Without including any pictures, write out the data below exactly.

Information shown:
*** Block opens ***

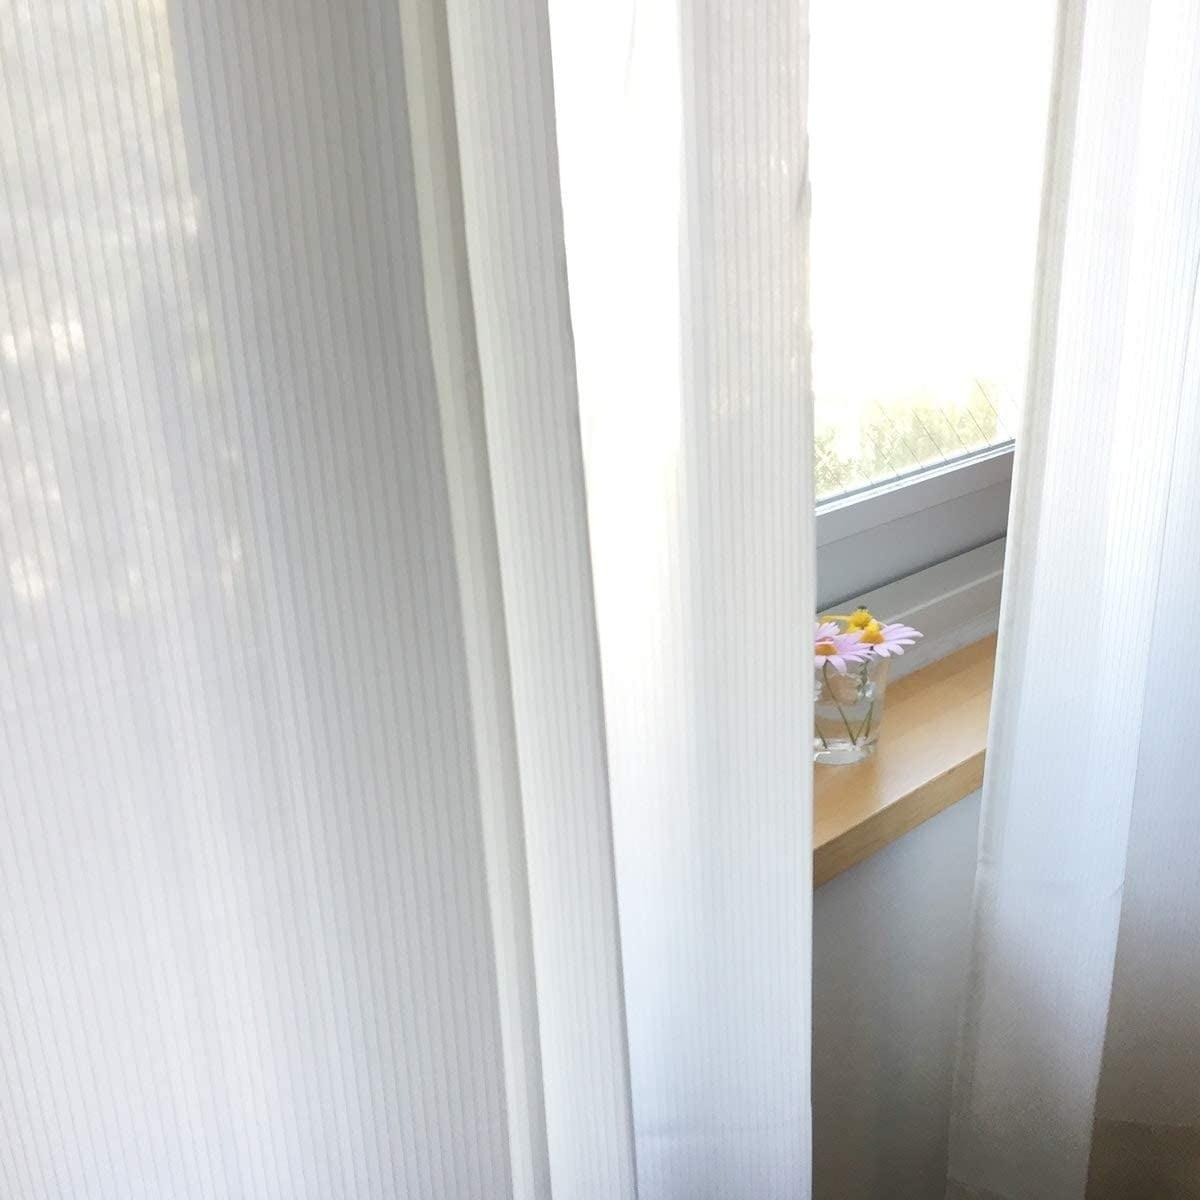 トリコ/アイボリー 遮像レースカーテン 遮熱・保温 UVカット 涼しや 形状記憶加工 ウォッシャブル カーテン 2枚入 / Aフック サイズ(幅×丈):100×108cm ksol-001-100-108
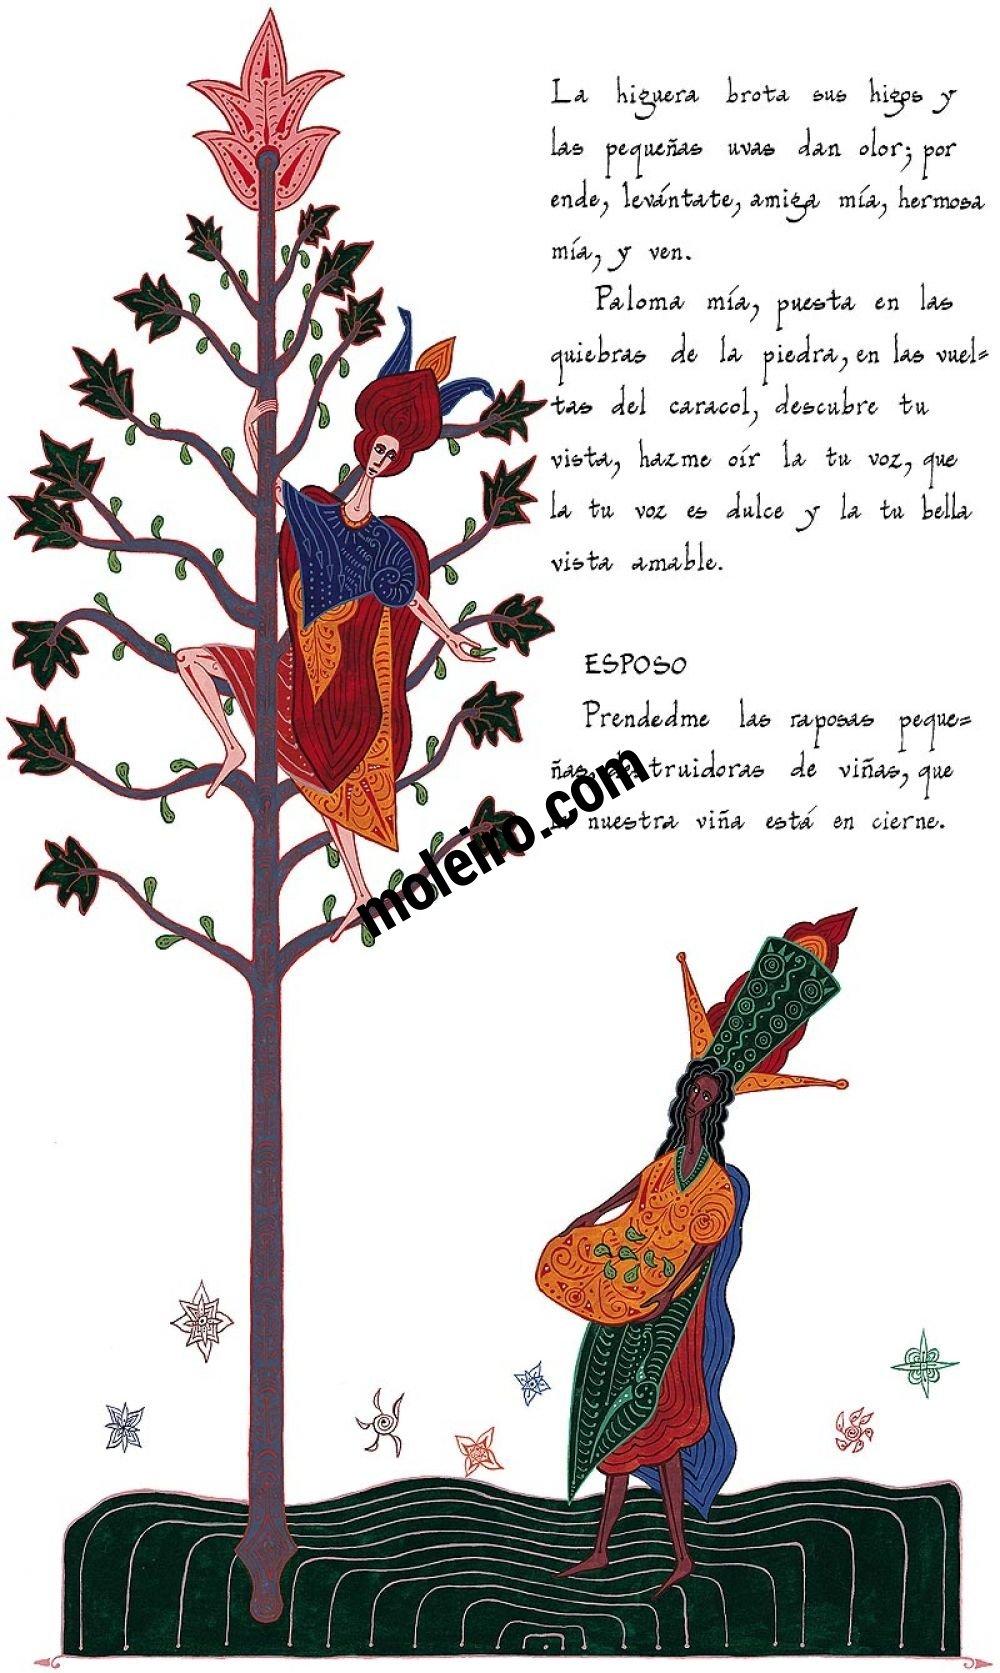 Cantar de Cantares/ Ed. de lujo (rojo)
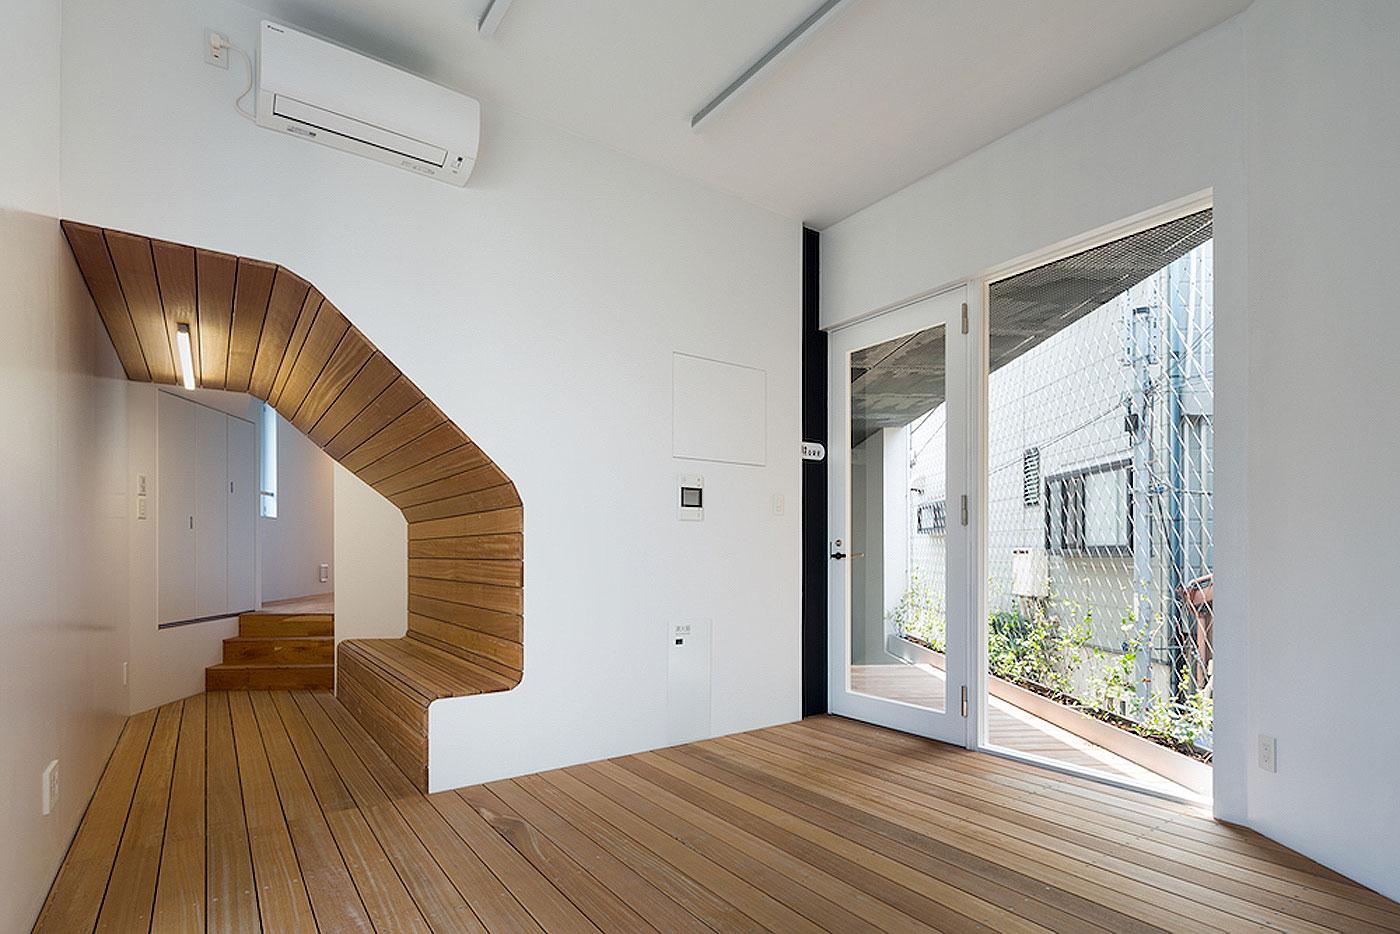 apartamentos-kitasenzoku-tomoyuki-kurokawa (5)
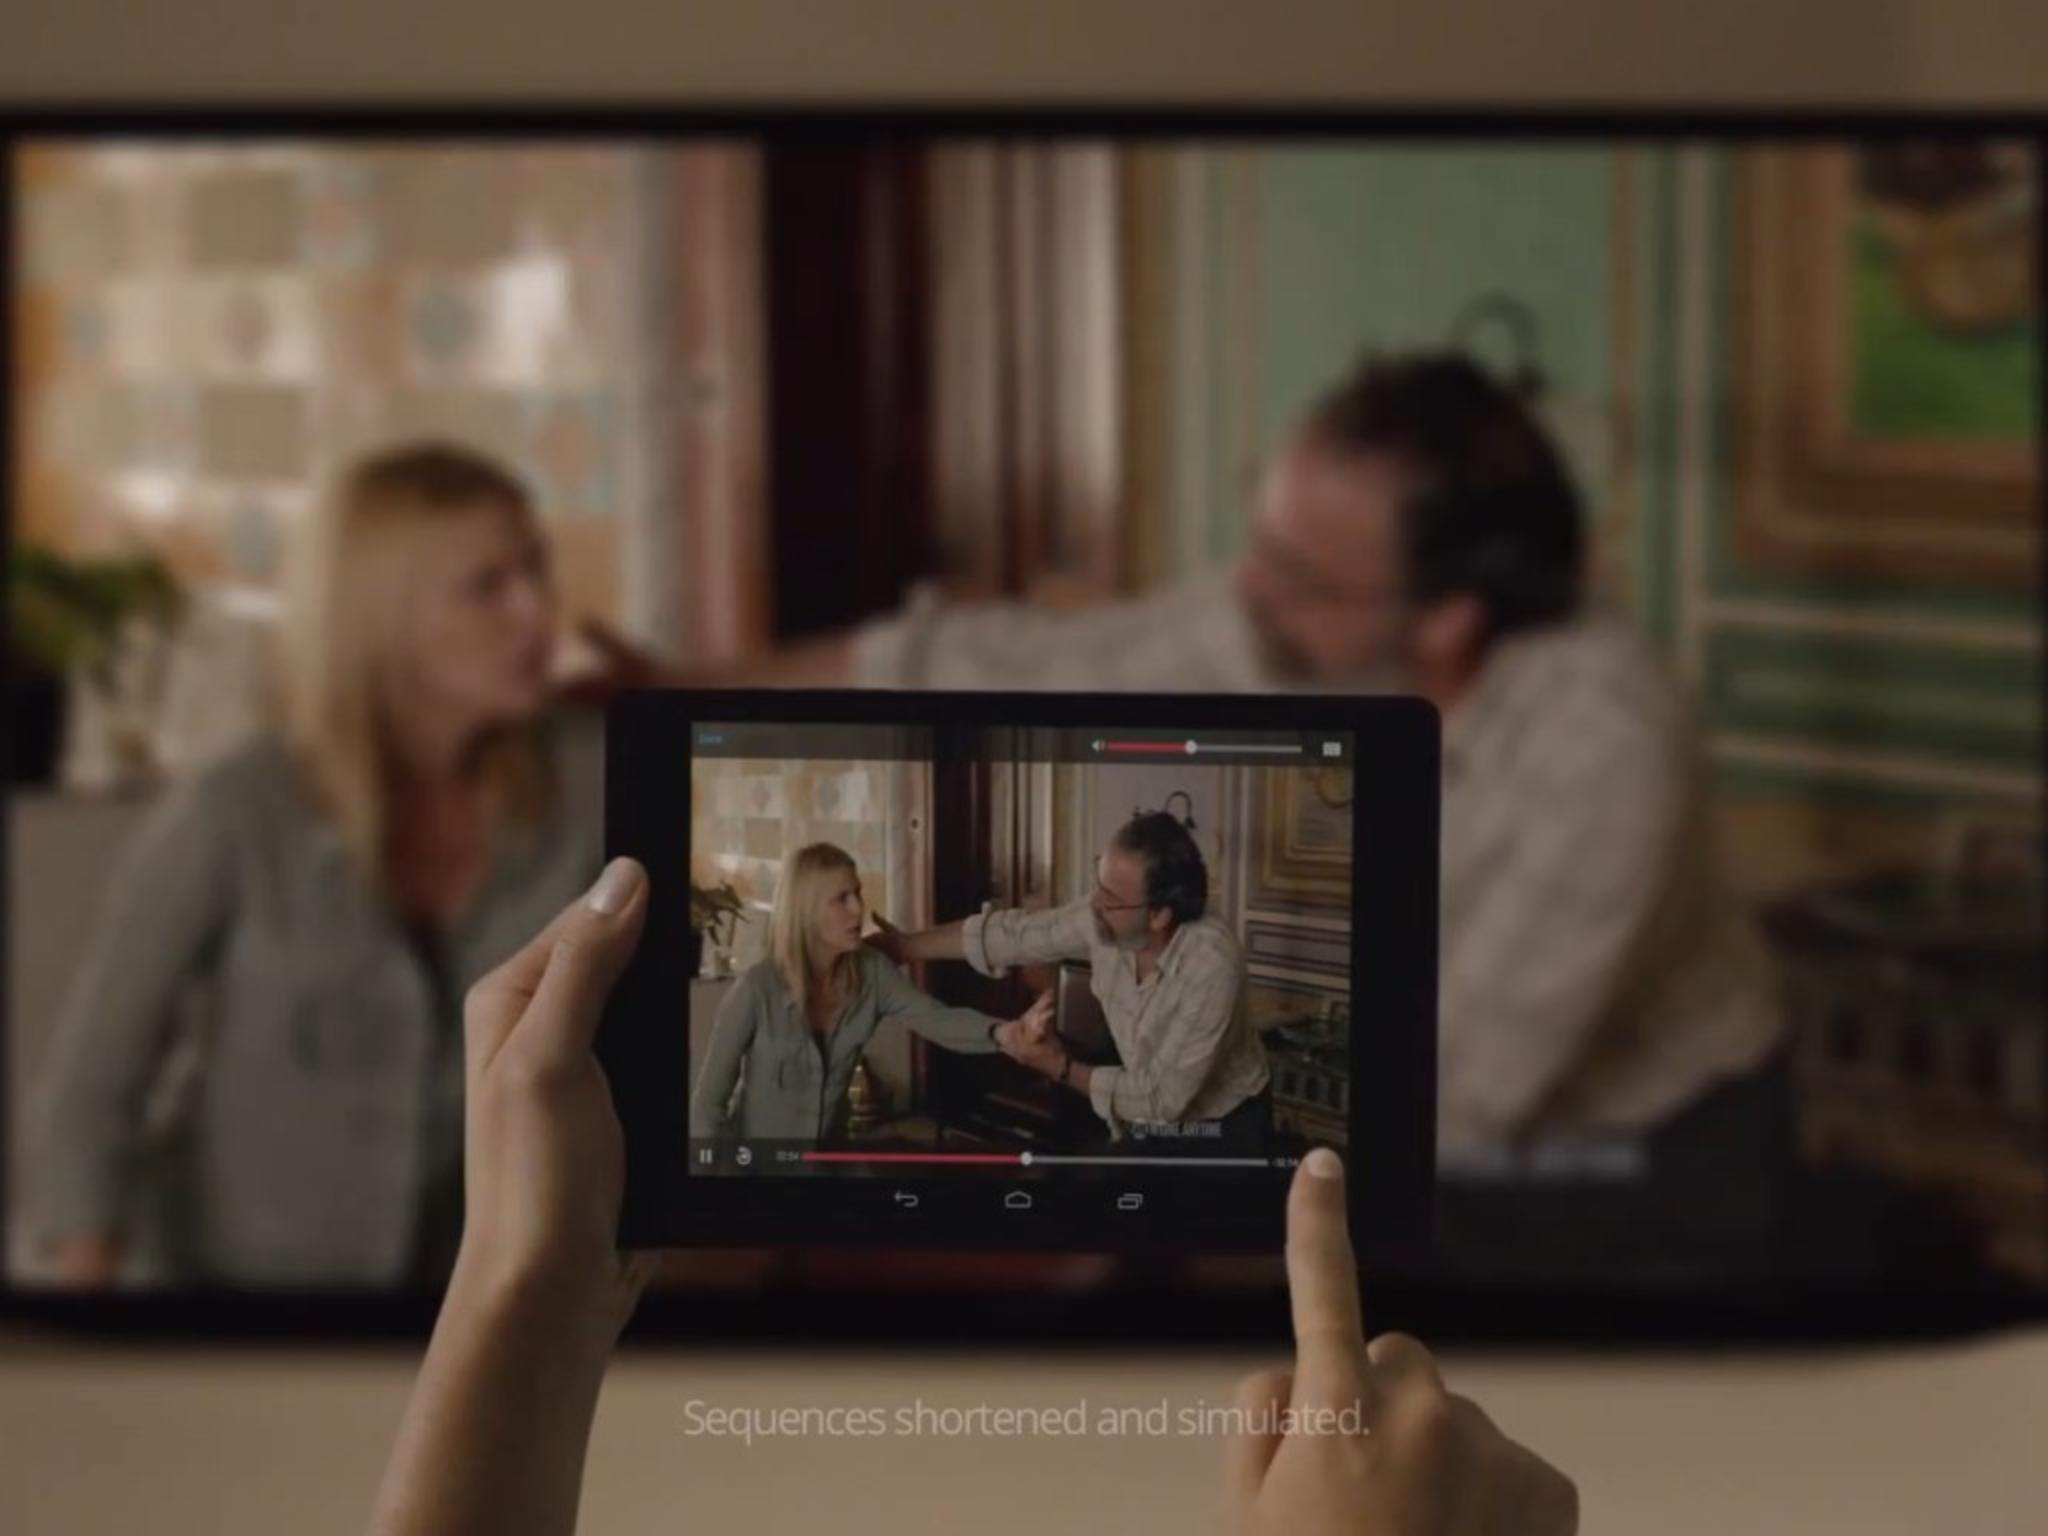 Über DVB-T kannst Du sowohl mobil als auch von Zuhause aus über Antenne TV-Signale empfangen.

*** Block closes ***

Solution to the problem:
 トリコ/アイボリー 遮像レースカーテン 遮熱・保温 UVカット 涼しや 形状記憶加工 ウォッシャブル カーテン 2枚入 / Aフック サイズ(幅×丈):100×108cm ksol-001-100-108
 Cantar de Cantares/ Ed. de lujo (rojo)
 apartamentos-kitasenzoku-tomoyuki-kurokawa (5)
 Über DVB-T kannst Du sowohl mobil als auch von Zuhause aus über Antenne TV-Signale empfangen.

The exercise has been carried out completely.